In order to exercise control over the population, governments throughout history have made people dependent on government largess. A government can make an increasing number of people dependent on its generosity by providing more and more benefits to a larger and larger share of the population.

Because of these "freebies," people will go along with the government's enlargement as a percent of the economy. The masses believe in their free lunch and because the business elite knows it can profit from the growth in government.

However, there comes a point at which the 'nanny state' becomes unviable. Raising taxes to pay for the freebies become problematic. Fortunately for the governments, they have a Treasury and/or a central bank that can print money and monetize the government's debts.

As Ludwig von Mises observed in Human Action:

Credit expansion is the government's foremost tool in their struggle against the market economy. In their hands is the magic wand designed to conjure away the scarcity of capital goods, to lower the rate of interest or to abolish it altogether, to finance lavish government spending, to expropriate the capitalists, to contrive everlasting booms, and to make everybody prosperous.

Therefore, the broad population, whose attention will be distracted by the media, won't realize the negative consequences of large fiscal deficits. They will hardly notice their declining standard of living due to the loss of purchasing power of the currency.

In the meantime, the media will bombard them with further immaterial news, such as which Hollywood star is divorcing whom, which team will win the Super Bowl, and abortion rights and gay marriage issues.

The government will also become involved in larger distractions, such as arguing for the need to eliminate continuously new (usually invented) threats or foes arising from ethnic or religious minorities, communists, socialists, terrorists, spies, or, as is now the case in the US, the "vicious" 1% of the population that lives well.

In fact, I am surprised that economists continue to discuss GDP growth (usually in real terms), when they should be focusing on sustainable growth. Let me explain. Since 2000, US government debt has increased from US$5 trillion to over US$16 trillion. Over the same period, nominal GDP is up from approximately US$9.5 trillion to US$15.5 trillion.
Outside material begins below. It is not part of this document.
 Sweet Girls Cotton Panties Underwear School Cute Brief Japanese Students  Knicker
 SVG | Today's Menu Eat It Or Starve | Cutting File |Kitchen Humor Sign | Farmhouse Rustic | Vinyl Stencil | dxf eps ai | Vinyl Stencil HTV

In my opinion, an adjustment to GDP should be made for the increase in government as well as household debt, because both inflate GDP figures, but are not sustainable in the long run, as we now know from some peripheral European countries. I mention this because Eric Fry, writing for The Daily Reckoning, points out the following:

During the last four years, the number of Americans on food stamps has soared by more than 17 million, while the number of employed Americans has dropped by more than 3 million. In percentage terms, the number of Americans on food stamps has soared 60% in four years!... In fact, according to the "Outreach" section of the USDA [US Department of Agriculture] website, the soaring number of food stamp recipients is an absolutely fantastic success story: "SNAP (i.e. food stamps) is the only public benefit program which also serves as an economic stimulus, creating an economic boost that ripples throughout the economy when new SNAP benefits are redeemed. By generating business at local grocery stores, new SNAP benefits trigger labor and production demand, ultimately increasing household income and triggering additional spending."

There you have it. The US government increases its borrowings (through fiscal deficits) in order to pay for, among other things, food stamps. In turn, the food stamp recipients go and spend the money in stores (mostly at Wal-Mart), which boosts GDP. But is this real, sustainable GDP growth?

So, not only do fiscal deficits allow the government to expand useless and unproductive programs and expenditures that artificially boost GDP, but they also increase the number of bureaucrats who implement the new regulations that stifle business. To the neo- Keynesians, I can only say: "Well done."